Summary of the invention
The object of this invention is to provide polyclonal antibody of a kind of full cell surface specific antigens of myelomatosis for living and preparation method thereof and purposes.
Myeloma cell's polyclonal antibody provided by the invention is with making after myeloma cell immune animal,
Further, myeloma cell's polyclonal antibody of the present invention is to be made by following methods:
A, use 1 × 10 first
6~5 × 10
7the myeloma cell of individual work and complete Freund's adjuvant immune animal;
B, then every 7~14 days booster immunizations once, booster immunization too many or too much for use full freund's adjuvant and myeloma cell's mixed immunity of living; Before each immunity, all detect blood antibody titers, when antibody titers reaches 1: 10000~more than 50000 termination immunity;
C, spend the night in 4 degrees Celsius after stopping getting blood after immunity place 2~3h under room temperature, then get the centrifugal serum obtaining containing myeloma cell's polyclonal antibody of supernatant, from making myeloma cell's polyclonal antibody containing purifying the serum of myeloma cell's polyclonal antibody.

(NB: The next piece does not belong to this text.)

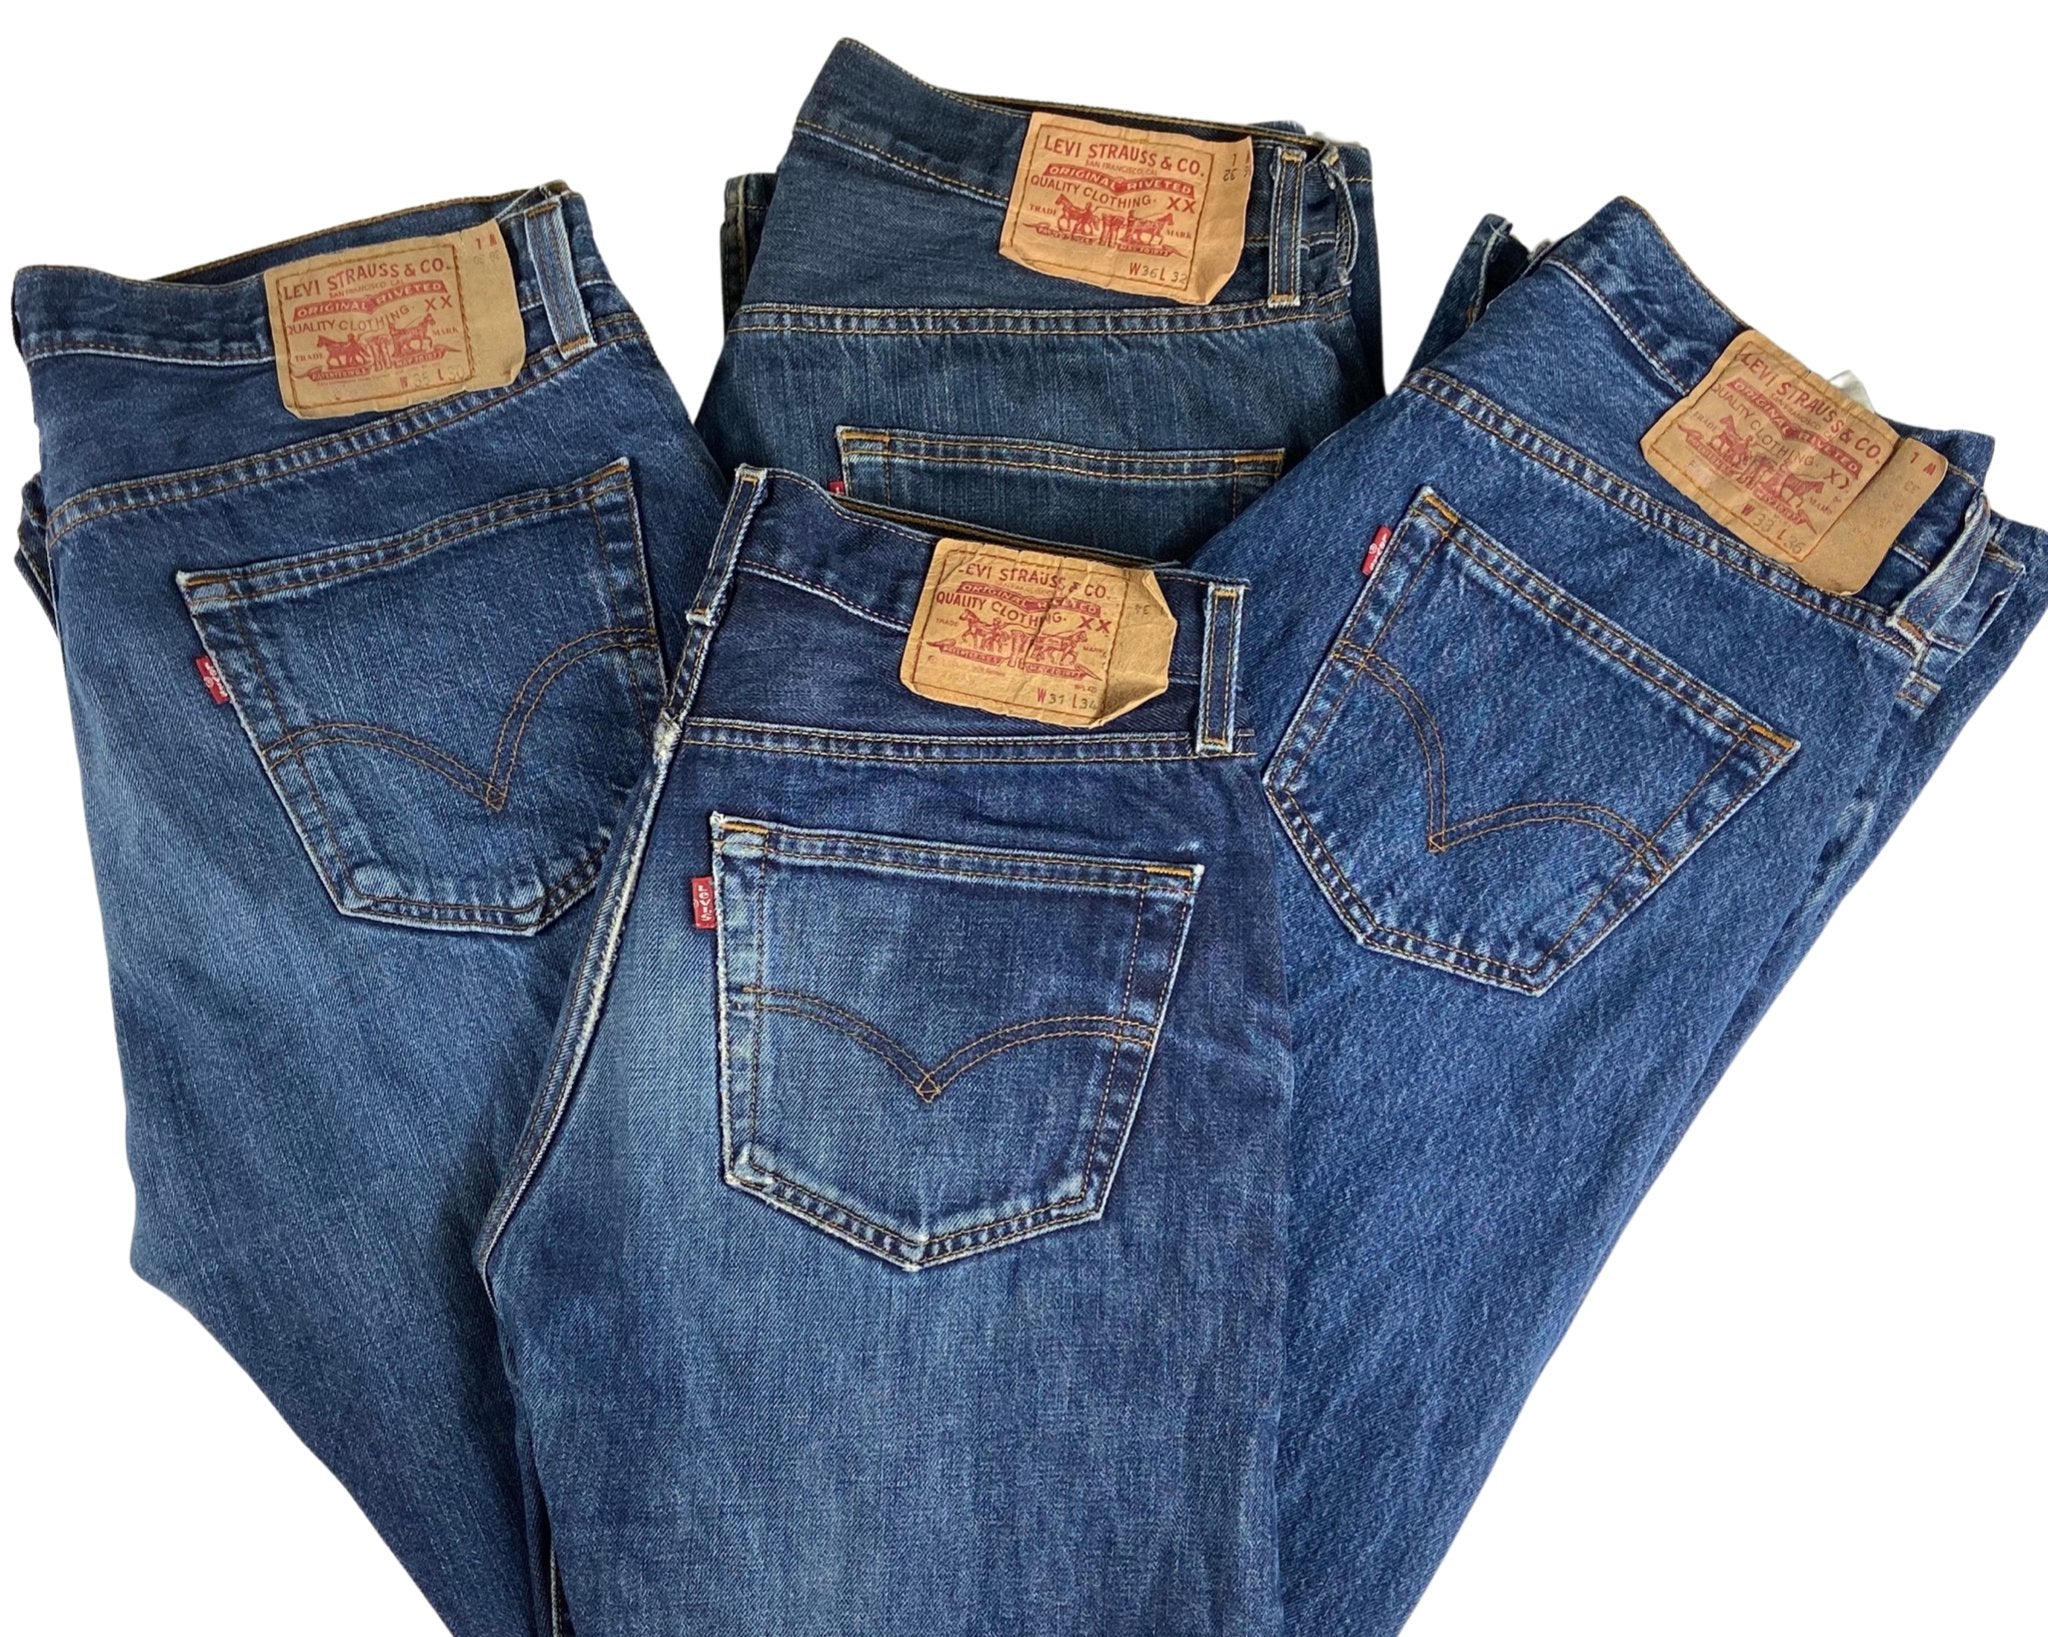 Vintage Levi's Classic Blue Jeans - Waist 34 - Length 30 - Vintage Superstore Online

Wherein, in aforesaid method step c, from the method that makes myeloma cell's polyclonal antibody containing purifying the serum of myeloma cell's polyclonal antibody be:
A, will be splined on the pillar by the buffer A balance of 10 times of column volumes containing the serum of myeloma cell's polyclonal antibody, pillar filler is Mabselect, then washes pillar by the buffer A of 5 times of column volumes; Described buffer A is 20mM NaH
2pO
4, 0.15M NaCl, pH 7.2;
B, make buffer B linear gradient with the 0.1M Trisodium Citrate of pH 3.0 and wash pillar, until there is the appearance of elution peak;
C, collection elution peak liquid do neutralization buffer with the Tris-HCl of pH8.0,1M simultaneously, regulate elutriant to pH7.2 left and right;
D, then the elutriant of collection is placed in to PH7.2 with dialysis tubing PBS damping fluid in 4 lower dialysis Celsius, the collection liquid freeze-drying of dialysis is obtained to myeloma cell's polyclonal antibody.
The present invention also provides the purposes of above-mentioned myeloma cell's polyclonal antibody in the reagent of preparation detection or diagnose multiple myeloma.
The present invention also provides the purposes of above-mentioned myeloma cell's polyclonal antibody in the medicine of preparation treatment multiple myeloma.
The present invention also provides the method for the above-mentioned myeloma cell's polyclonal antibody of purifying, and the method is:
Serum containing myeloma cell's polyclonal antibody is splined on to Buffer A (the 20mM NaH with 10 times of column volumes
2pO
4, 0.15M NaCl, pH 7.2 pH 9.0) and the XK16/40 pillar of balance, filler is Mabselect, then washes pillar with the Buffer A of 5 times of column volumes;
Wash post by Buffer B (0.1M citric acid is received, pH 3.0) linear gradient, until there is the appearance of elution peak;
Collect elution peak liquid, in simultaneously using and Buffer (1M Tris-HCl, pH8.0) adjusting elutriant pH7.2 left and right;
Then the elutriant of collection is placed in to PBS damping fluid (PH7.2) with dialysis tubing and dialyses under 4 degrees Celsius, the collection liquid freeze-drying of dialysis is obtained to myeloma cell's polyclonal antibody.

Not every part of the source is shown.